> **Task item**
Return a copy of every line in the data below that contains "background".

> **Task data**
#####
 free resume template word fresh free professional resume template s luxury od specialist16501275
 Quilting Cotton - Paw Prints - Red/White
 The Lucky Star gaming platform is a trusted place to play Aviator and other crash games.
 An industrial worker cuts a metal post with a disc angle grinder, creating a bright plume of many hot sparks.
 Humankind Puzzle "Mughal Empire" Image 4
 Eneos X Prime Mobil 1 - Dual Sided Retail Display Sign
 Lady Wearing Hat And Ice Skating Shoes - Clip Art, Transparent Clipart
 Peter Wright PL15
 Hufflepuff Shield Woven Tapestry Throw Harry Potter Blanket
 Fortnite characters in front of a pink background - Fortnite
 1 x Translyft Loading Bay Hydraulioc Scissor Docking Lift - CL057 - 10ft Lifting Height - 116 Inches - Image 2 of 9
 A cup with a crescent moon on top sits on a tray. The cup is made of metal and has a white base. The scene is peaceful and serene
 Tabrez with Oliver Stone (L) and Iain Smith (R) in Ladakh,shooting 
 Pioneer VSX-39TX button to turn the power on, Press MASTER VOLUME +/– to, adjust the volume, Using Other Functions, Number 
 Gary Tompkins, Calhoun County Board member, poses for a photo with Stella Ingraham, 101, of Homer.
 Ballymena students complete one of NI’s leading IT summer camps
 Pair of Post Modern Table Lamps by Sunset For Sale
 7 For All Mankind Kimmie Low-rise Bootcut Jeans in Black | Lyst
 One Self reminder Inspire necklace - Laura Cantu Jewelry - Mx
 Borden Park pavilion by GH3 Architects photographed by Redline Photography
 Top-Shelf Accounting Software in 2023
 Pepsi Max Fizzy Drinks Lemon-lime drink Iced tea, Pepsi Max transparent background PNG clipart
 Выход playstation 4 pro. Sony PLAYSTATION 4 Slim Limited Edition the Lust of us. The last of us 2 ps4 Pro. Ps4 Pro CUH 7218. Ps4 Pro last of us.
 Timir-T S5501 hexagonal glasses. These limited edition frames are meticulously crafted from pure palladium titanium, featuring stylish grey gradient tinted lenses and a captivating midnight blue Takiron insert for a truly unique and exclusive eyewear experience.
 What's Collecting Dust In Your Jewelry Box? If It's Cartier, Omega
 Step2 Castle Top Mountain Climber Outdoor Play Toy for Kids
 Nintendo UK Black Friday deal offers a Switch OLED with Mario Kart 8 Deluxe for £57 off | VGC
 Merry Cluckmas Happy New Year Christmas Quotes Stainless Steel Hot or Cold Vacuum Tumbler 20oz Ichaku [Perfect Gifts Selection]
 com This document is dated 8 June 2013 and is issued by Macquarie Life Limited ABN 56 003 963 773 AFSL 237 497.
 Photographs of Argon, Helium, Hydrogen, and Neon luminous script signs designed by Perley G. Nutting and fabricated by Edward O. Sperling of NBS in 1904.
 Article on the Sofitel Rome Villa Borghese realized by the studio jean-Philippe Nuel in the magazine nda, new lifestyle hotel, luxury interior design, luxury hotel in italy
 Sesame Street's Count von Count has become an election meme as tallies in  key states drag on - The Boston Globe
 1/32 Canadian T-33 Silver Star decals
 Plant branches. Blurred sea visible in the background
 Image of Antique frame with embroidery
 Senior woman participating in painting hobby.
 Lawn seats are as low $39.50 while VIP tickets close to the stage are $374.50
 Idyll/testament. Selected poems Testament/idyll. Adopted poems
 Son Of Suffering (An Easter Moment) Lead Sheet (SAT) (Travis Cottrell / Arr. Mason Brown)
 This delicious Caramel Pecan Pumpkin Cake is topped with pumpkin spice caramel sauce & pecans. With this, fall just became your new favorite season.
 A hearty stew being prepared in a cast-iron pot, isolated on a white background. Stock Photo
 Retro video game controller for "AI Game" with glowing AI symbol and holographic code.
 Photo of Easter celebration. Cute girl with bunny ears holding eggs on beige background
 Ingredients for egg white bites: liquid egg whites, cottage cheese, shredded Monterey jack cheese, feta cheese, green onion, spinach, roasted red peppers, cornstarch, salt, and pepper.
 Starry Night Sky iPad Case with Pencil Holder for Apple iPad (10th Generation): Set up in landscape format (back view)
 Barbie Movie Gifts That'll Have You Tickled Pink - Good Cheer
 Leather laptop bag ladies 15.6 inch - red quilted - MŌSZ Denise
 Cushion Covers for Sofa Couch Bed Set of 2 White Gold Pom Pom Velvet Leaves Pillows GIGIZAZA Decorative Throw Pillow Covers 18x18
#####
> **Answer for this exercise**
 Fortnite characters in front of a pink background - Fortnite
 Pepsi Max Fizzy Drinks Lemon-lime drink Iced tea, Pepsi Max transparent background PNG clipart
 Plant branches. Blurred sea visible in the background
 A hearty stew being prepared in a cast-iron pot, isolated on a white background. Stock Photo
 Photo of Easter celebration. Cute girl with bunny ears holding eggs on beige background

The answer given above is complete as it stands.